» EXERCISE DESCRIPTION: The material below should be copied line for line, please, with pictures omitted.

» EXERCISE DATA:

□ □ □ □ □

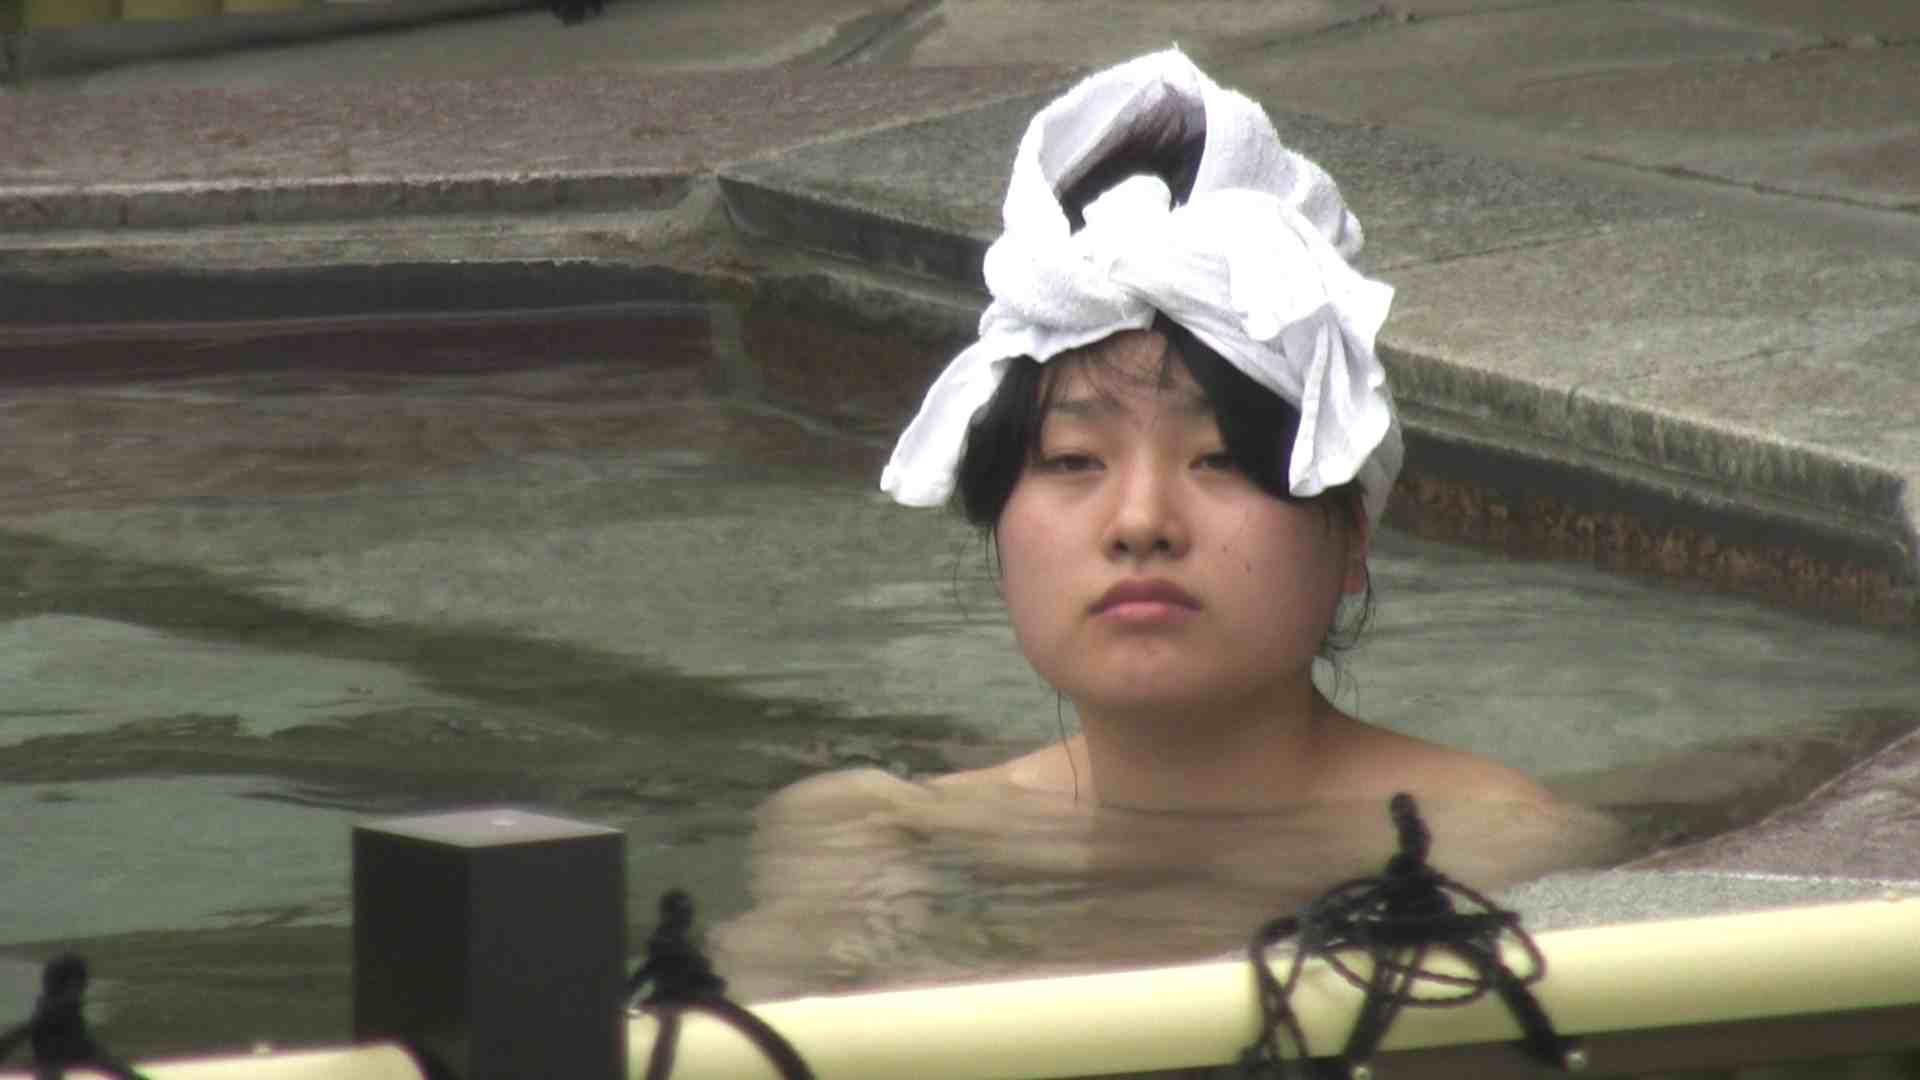 Aquaな露天風呂Vol.185 盗撮   HなOL  102pic 58
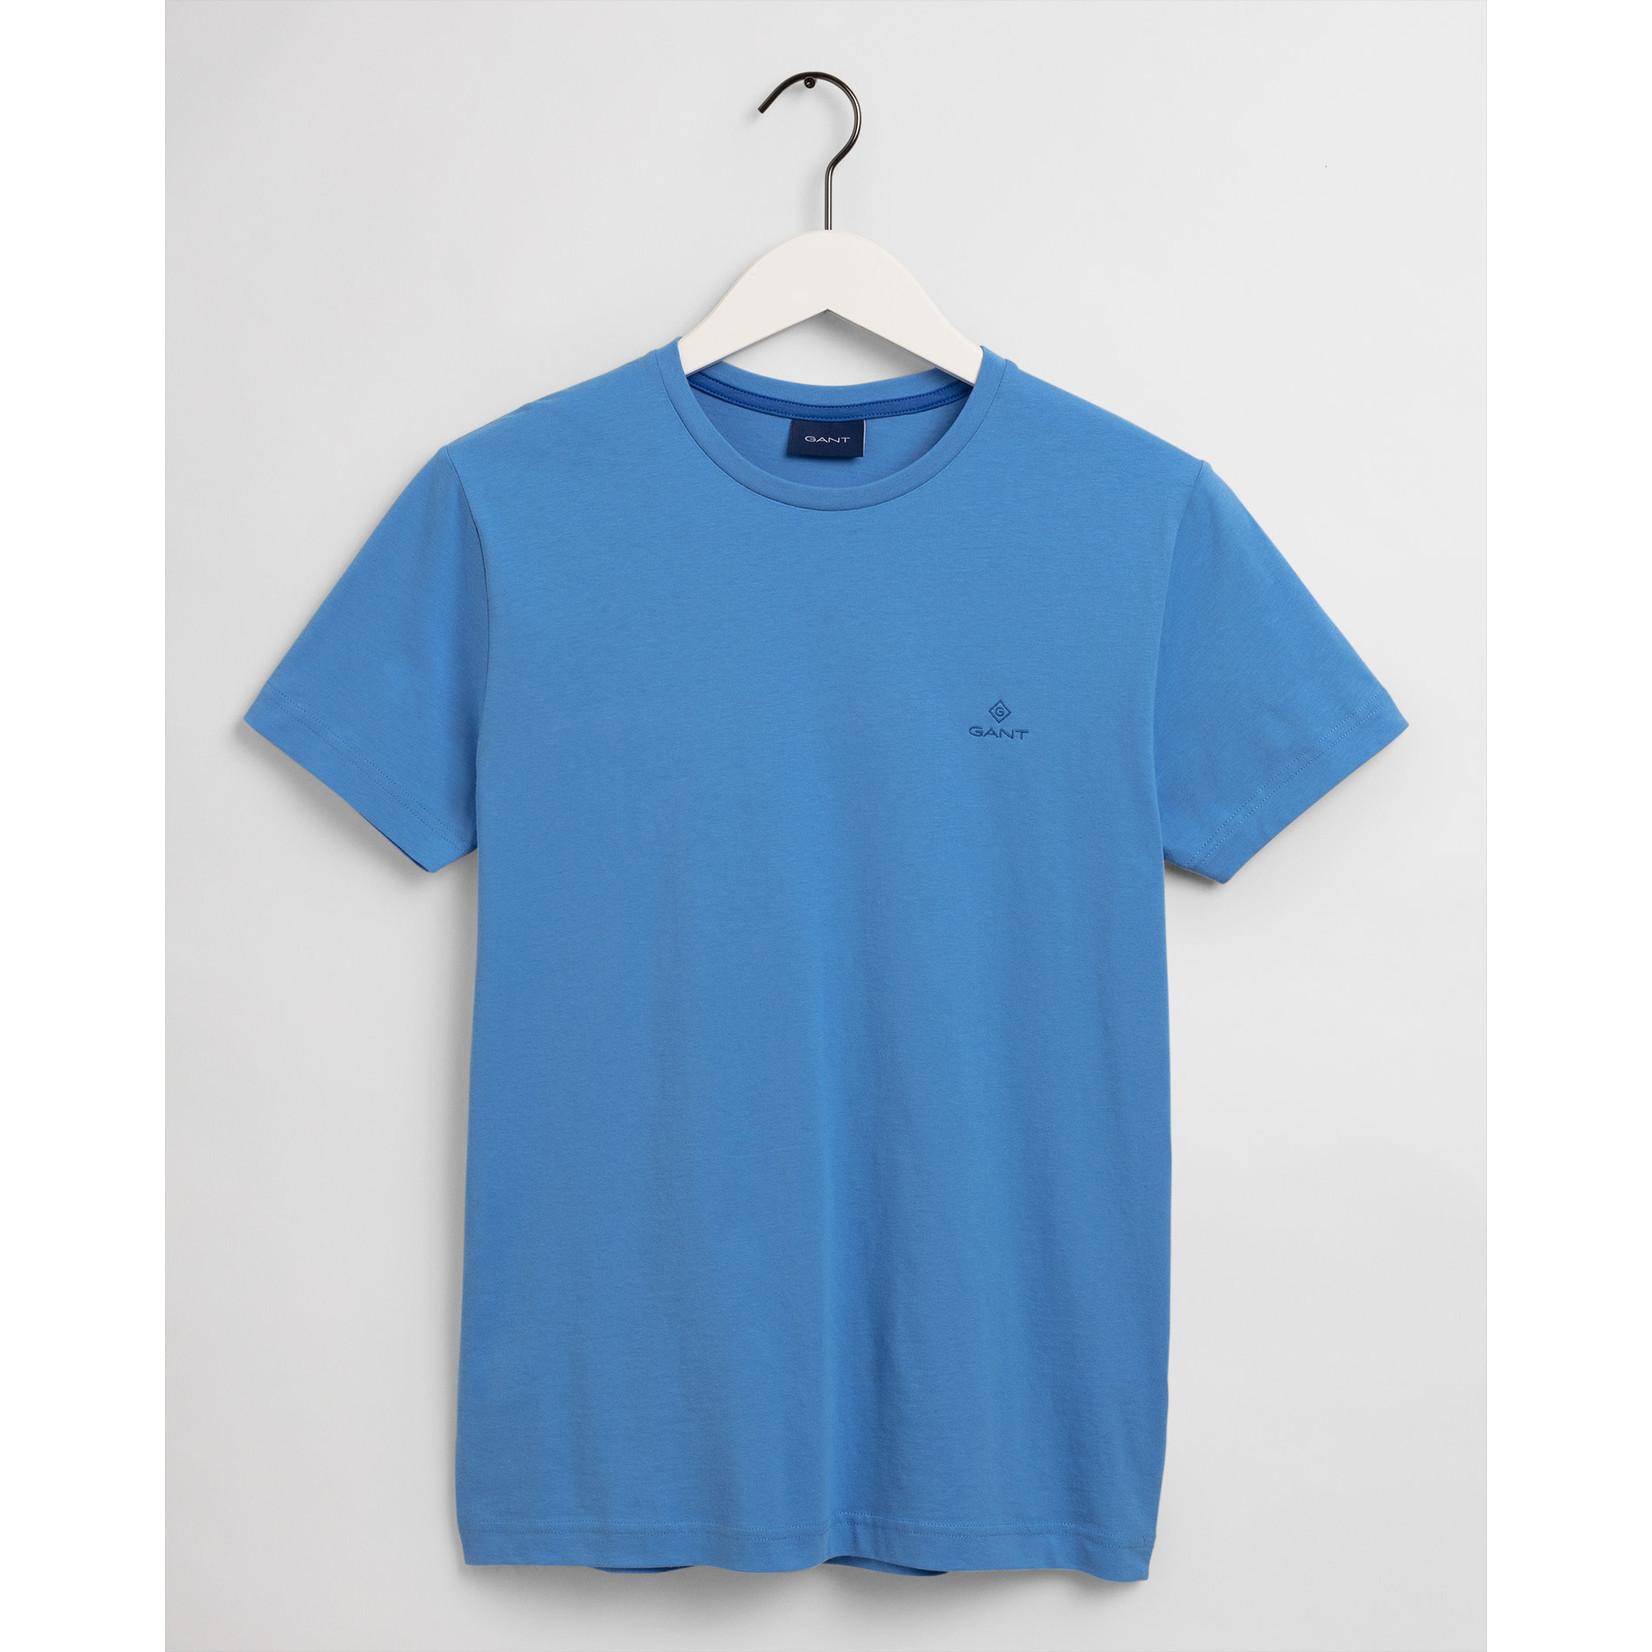 GANT T-shirt met contrasterend logo kobalt
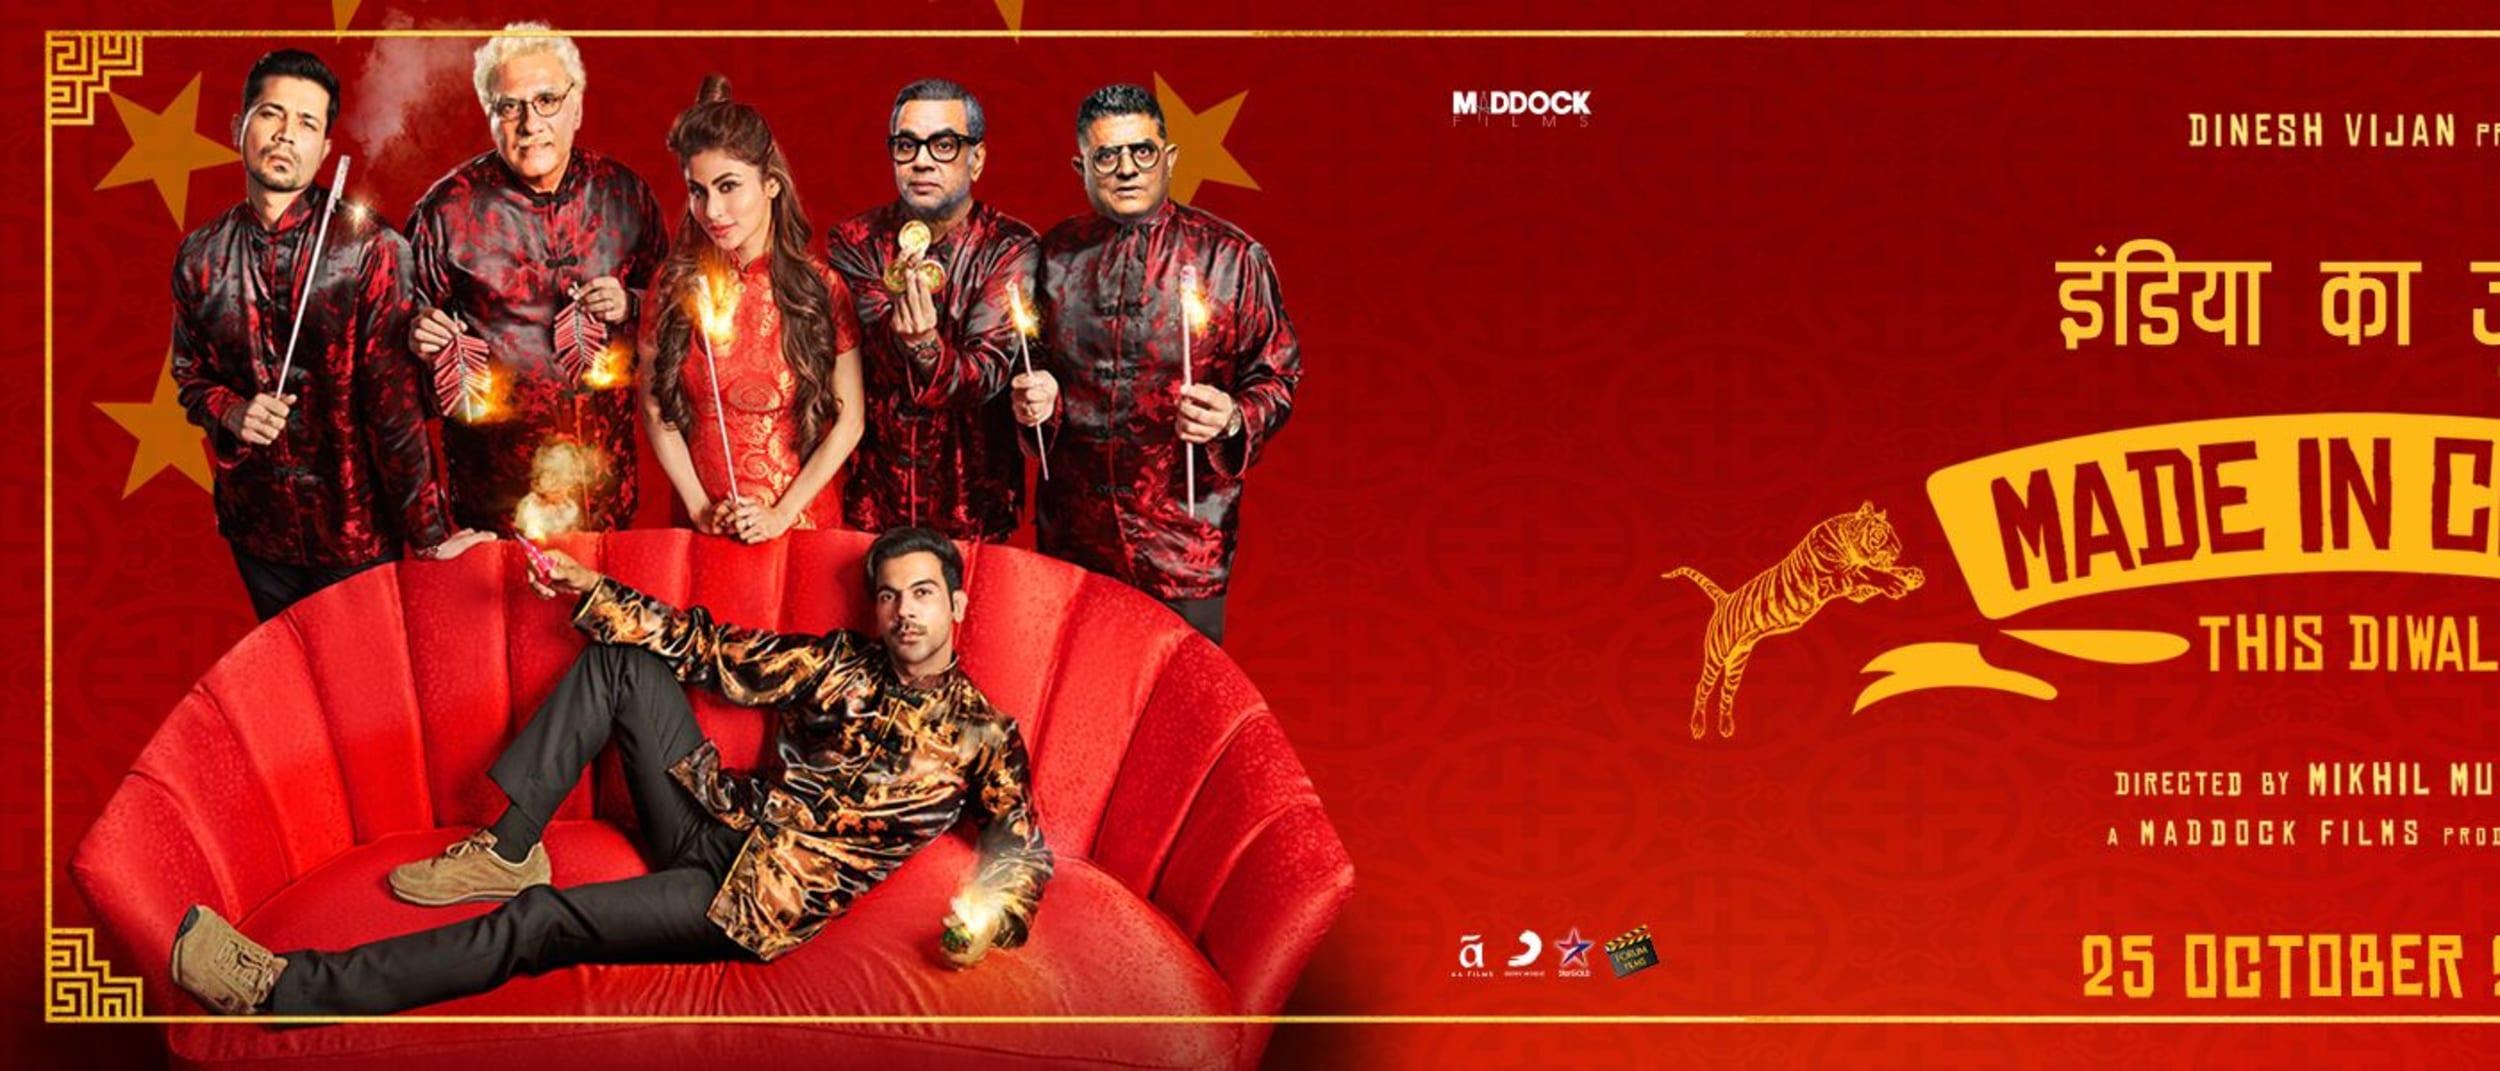 Diwali movie - Made in China

□ □ □ □ □

» RESULT OF THE EXERCISE:
 Aquaな露天風呂Vol.185 盗撮   HなOL  102pic 58
 GANT T-shirt met contrasterend logo kobalt
 Diwali movie - Made in China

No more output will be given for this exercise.